OpenAI recently introduced a powerful feature called Predicted Outputs, which quietly entered the scene without much attention from the technical media—an oversight that deserves correction. I noticed they mentioned this on X in their developer account, but it didn't get much publicity. I decided to draw attention to it because it's a cool and useful feature.
Predicted Outputs significantly reduce latency for model responses, especially when much of the output is known ahead of time. This feature is particularly beneficial for applications that involve regenerating text documents or code files with minor modifications.
What Are Predicted Outputs?
Predicted Outputs allow developers to speed up API responses from Chat Completions when the expected output is largely predictable. By providing a prediction of the expected response using the prediction parameter in Chat Completions, the model can generate the required output more efficiently. This functionality is currently available with the latest GPT-4o and GPT-4o-mini models.

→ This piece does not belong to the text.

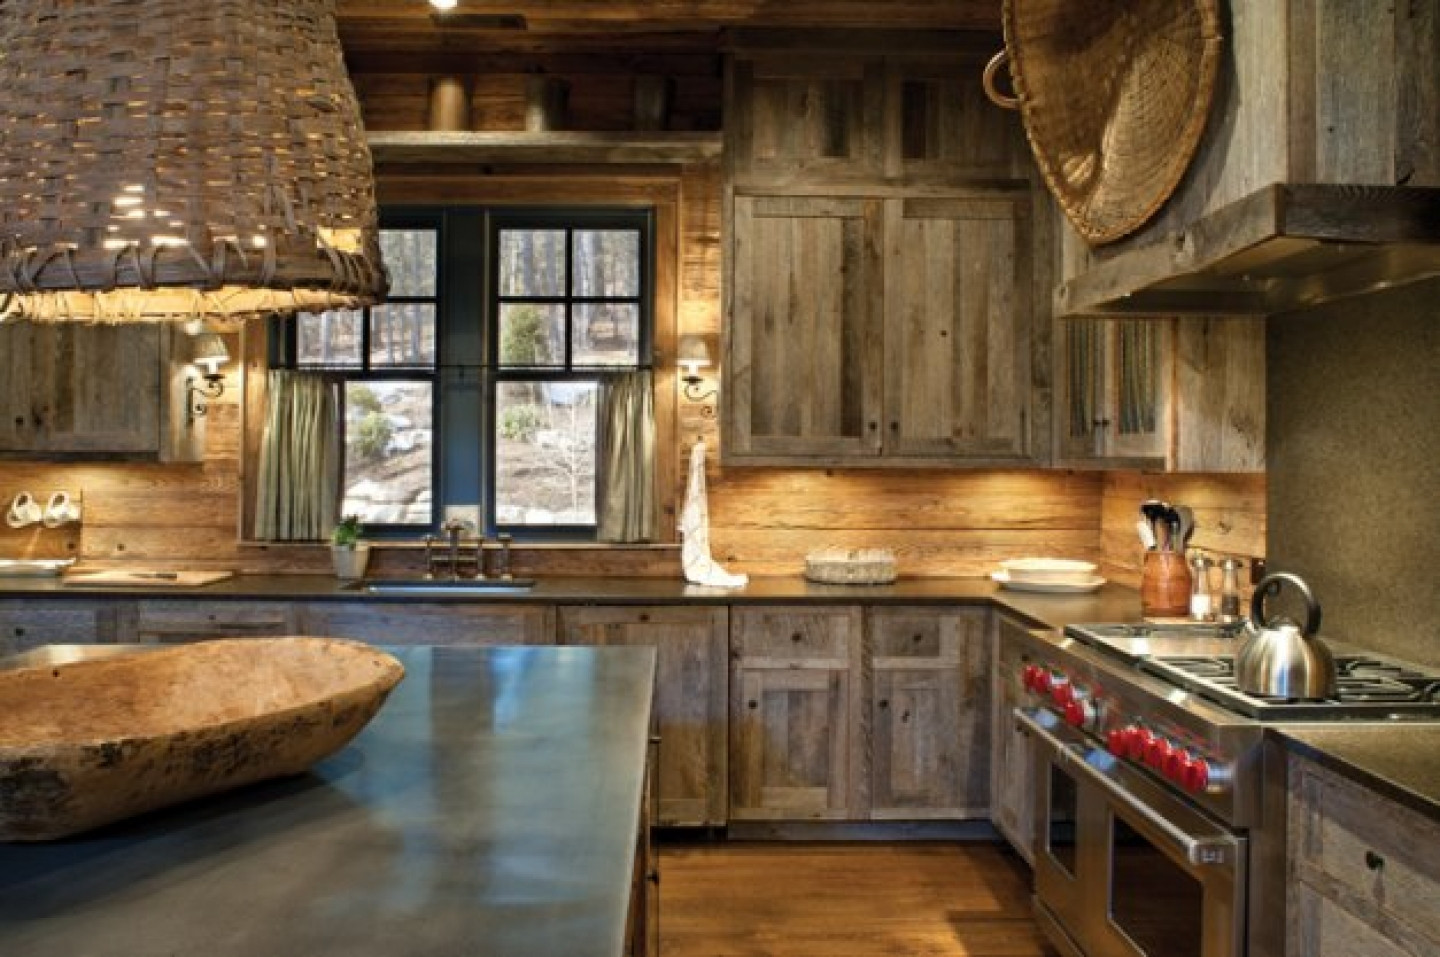 Rustic Style Kitchen
 40 Rustic Interior Design For Your Home – The WoW Style

How Do Predicted Outputs Work?
When you have a response where most of the content is already known, you can supply that expected content as a prediction to the model. The model then uses this prediction to expedite the generation of the response, reducing latency and improving performance.
Custom Example: Updating Configuration Files
Imagine you have a JSON configuration file that needs a minor update. Here's an example of such a file:
{
"appName": "MyApp",
"version": "1.0.0",
"settings": {
"enableFeatureX": false,
"maxUsers": 100
}
}
Suppose you want to update enableFeatureX
to true
. Instead of generating the entire file from scratch, you can provide the original file as a prediction and instruct the model to make the necessary changes.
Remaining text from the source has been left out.